WHAT THE EXERCISE ASKS
Transcribe the lines below verbatim, skipping the images.

DATA BELOW
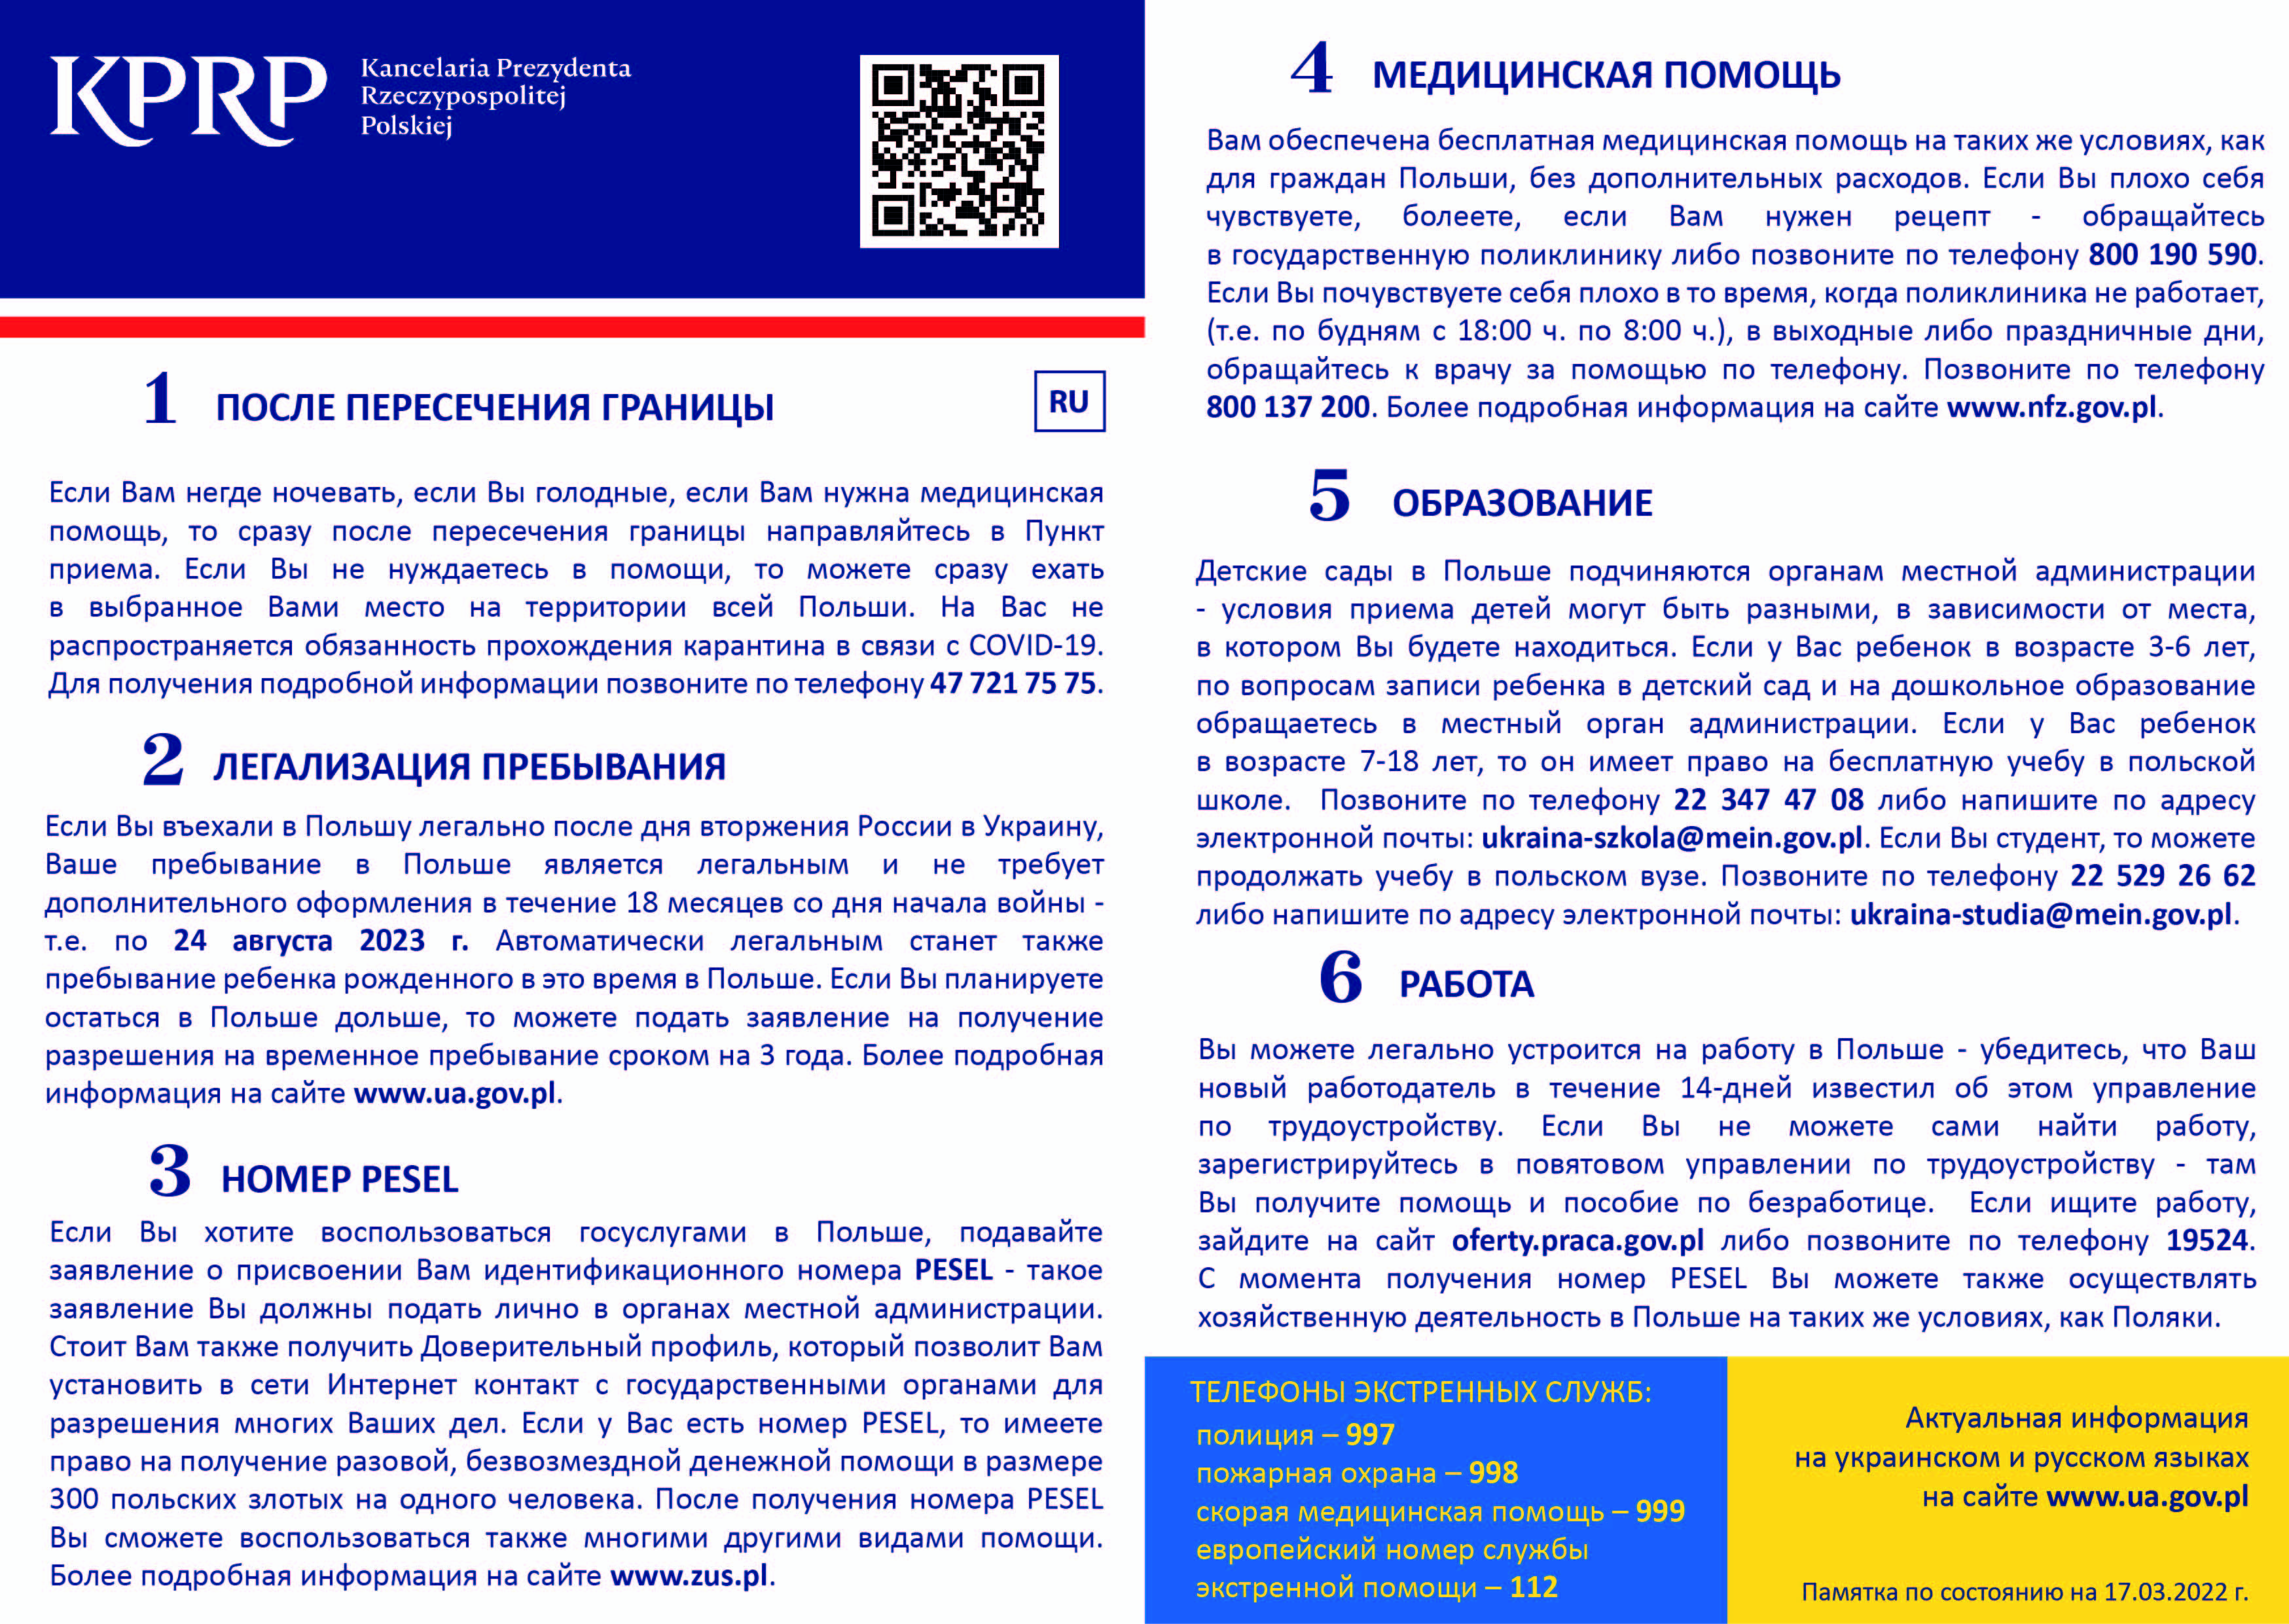 Ulotka dla uchodźców z Ukrainy w języku rosyjskim informująca co zrobić po przekroczeniu granicy, jak uzyskać numer PESEL, o legalności pobytu w Polsce, o opiece medycznej, edukacji dzieci oraz o możliwości podjęcia pracy
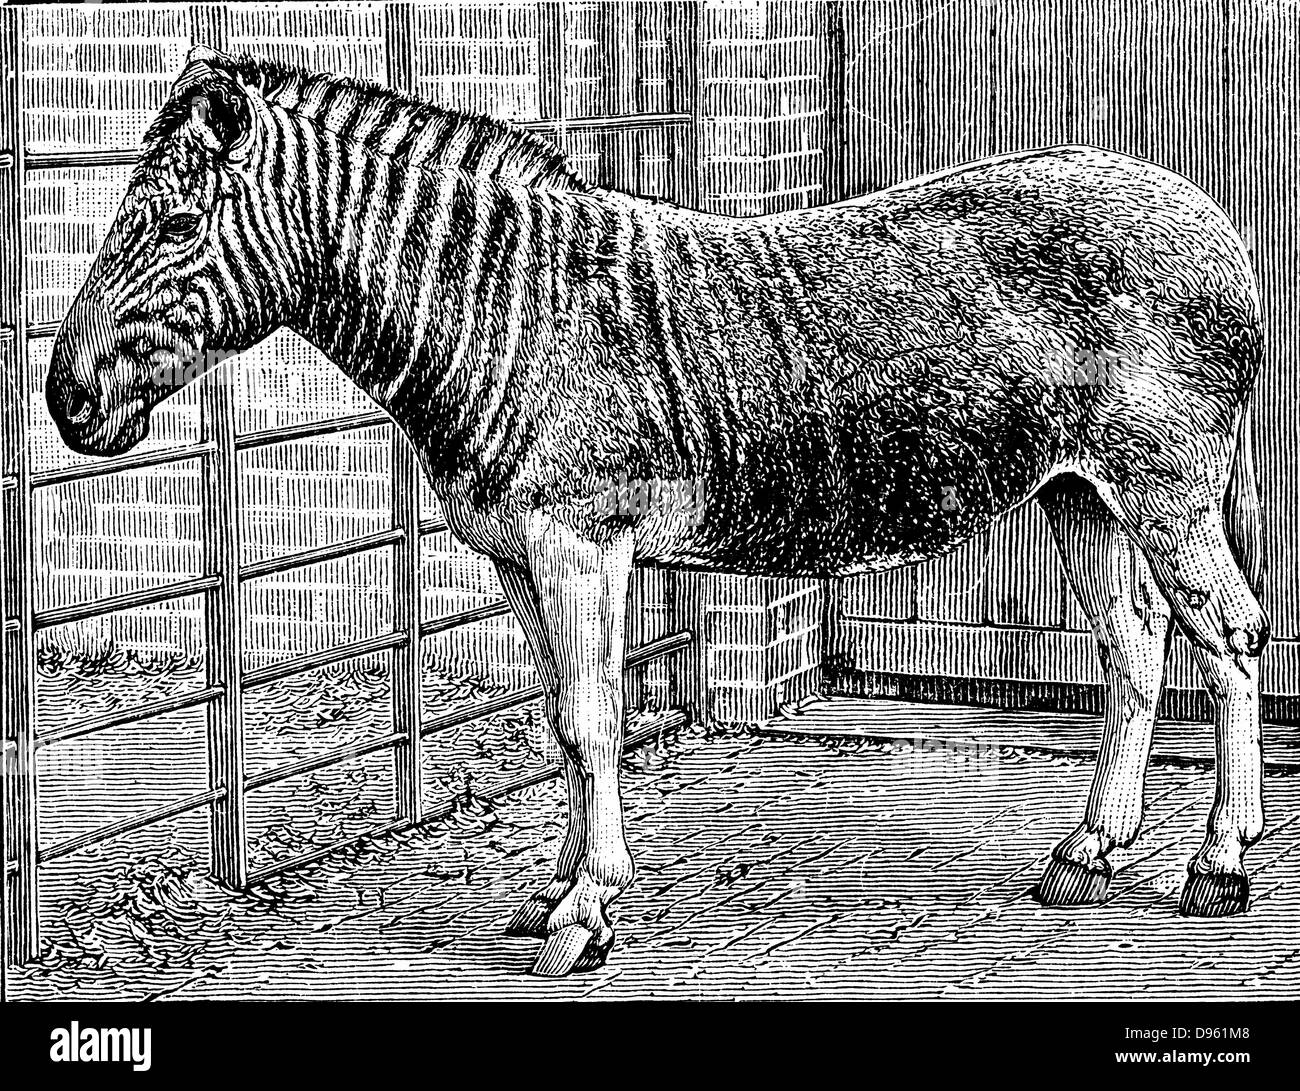 Quagga (Equus quagga): Ausgestorben Südafrikanischen Säugetier des Pferdes Familie. Gravur Foto von Frederick York von London, c 1870, von Quagga Mare im Zoo von London, England. Stockfoto
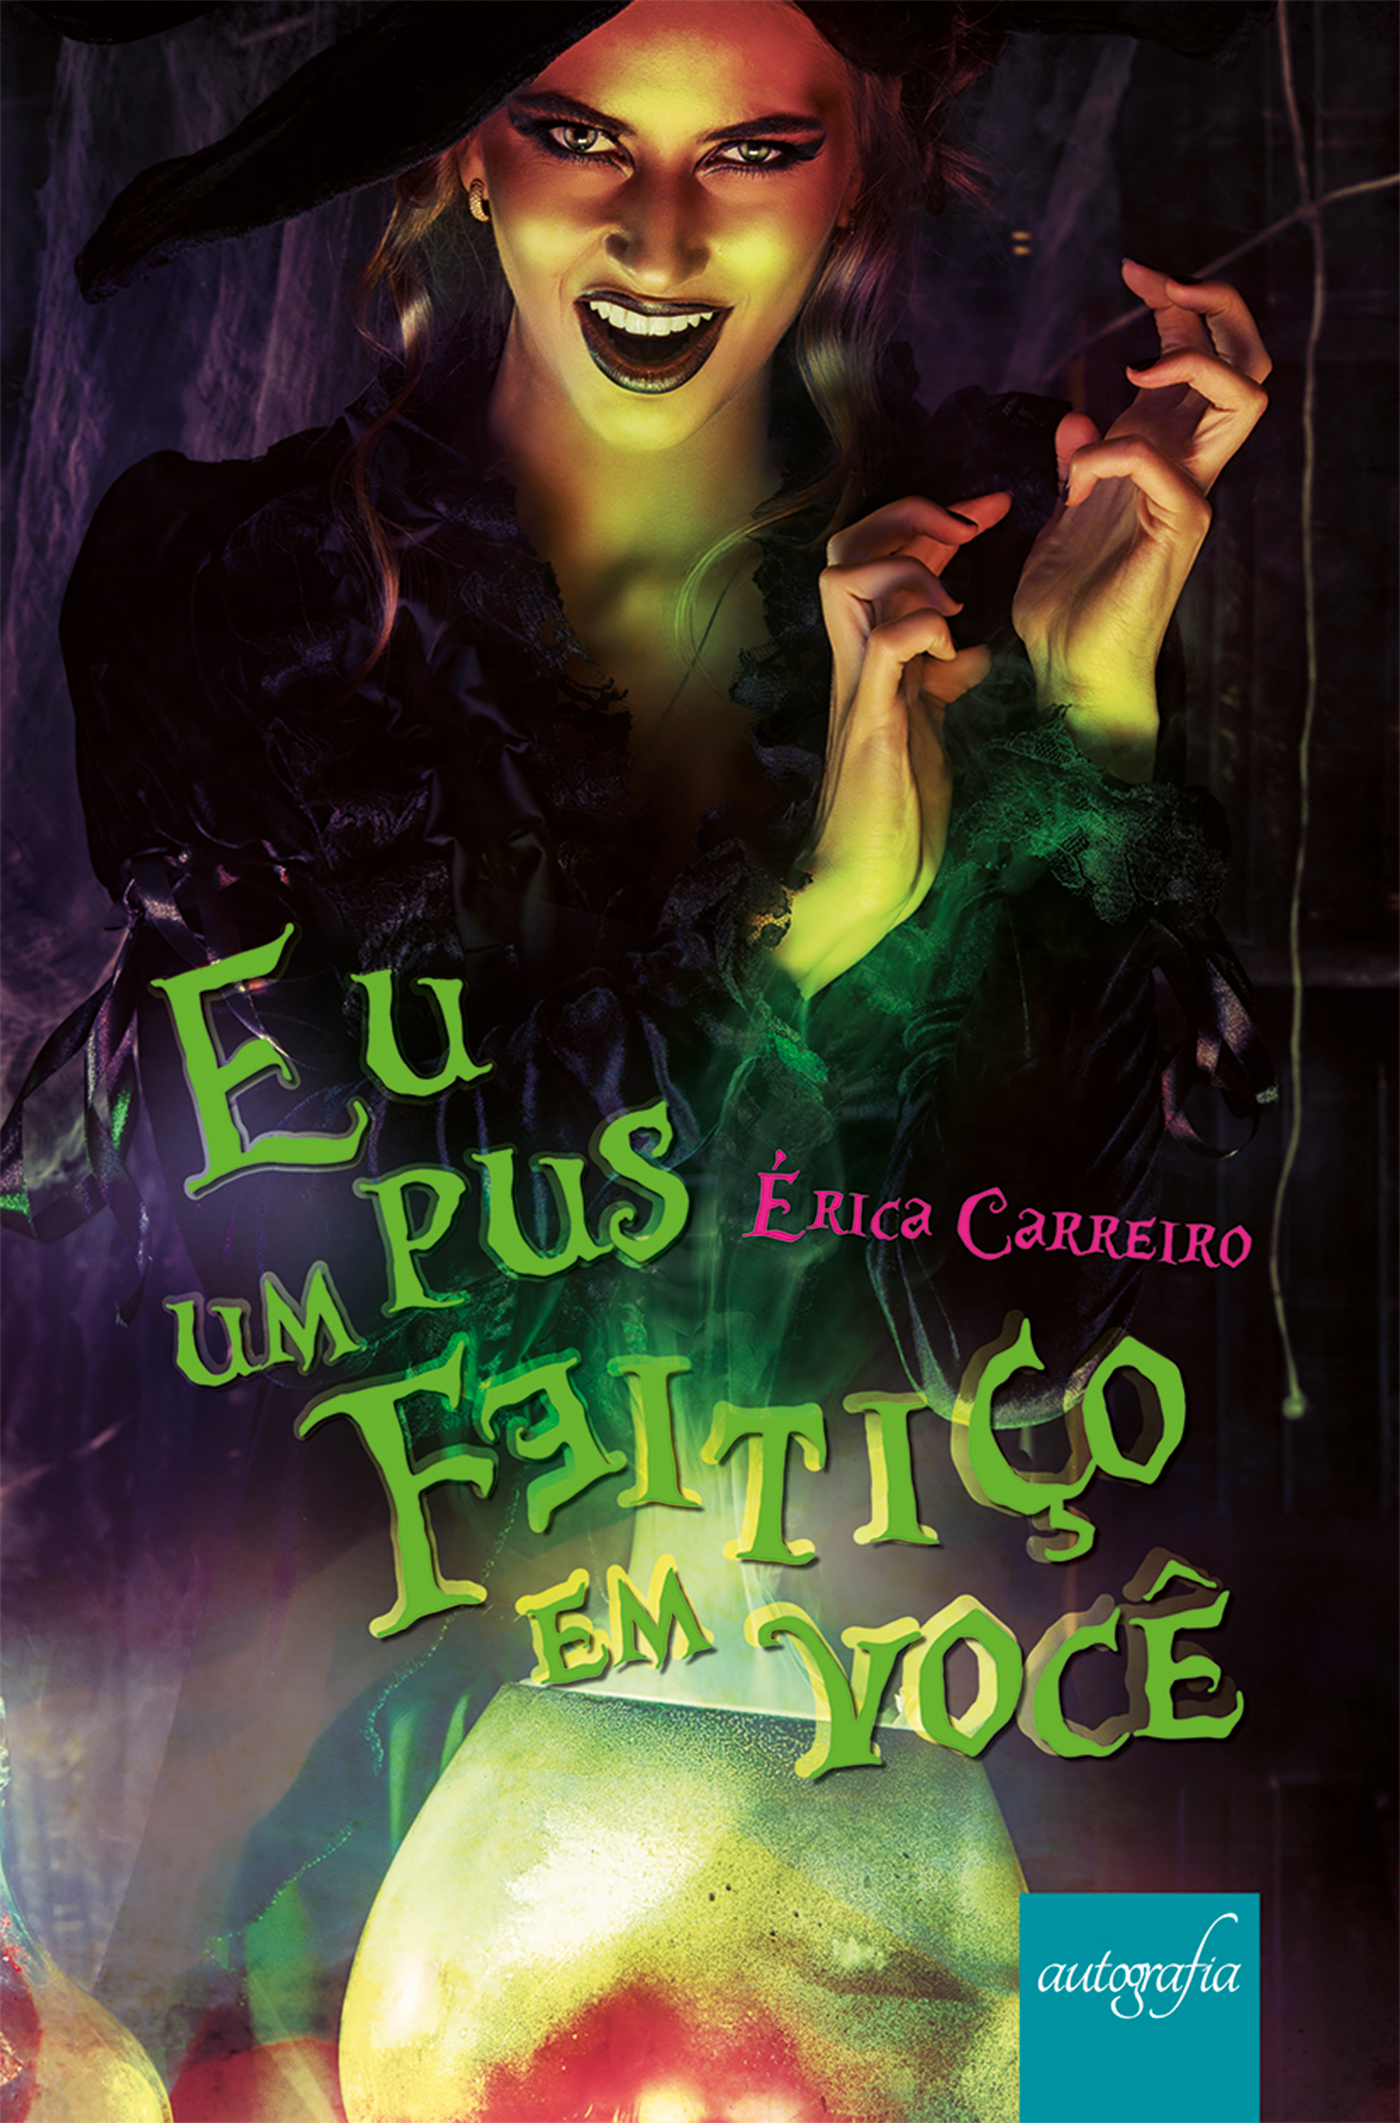 Erica Carreiro, jovem autora mineira lança seu livro de estreia “Eu pus um feitiço em você”.

RESULT BELOW
 Ulotka dla uchodźców z Ukrainy w języku rosyjskim informująca co zrobić po przekroczeniu granicy, jak uzyskać numer PESEL, o legalności pobytu w Polsce, o opiece medycznej, edukacji dzieci oraz o możliwości podjęcia pracy
 Quagga (Equus quagga): Ausgestorben Südafrikanischen Säugetier des Pferdes Familie. Gravur Foto von Frederick York von London, c 1870, von Quagga Mare im Zoo von London, England. Stockfoto
 Erica Carreiro, jovem autora mineira lança seu livro de estreia “Eu pus um feitiço em você”.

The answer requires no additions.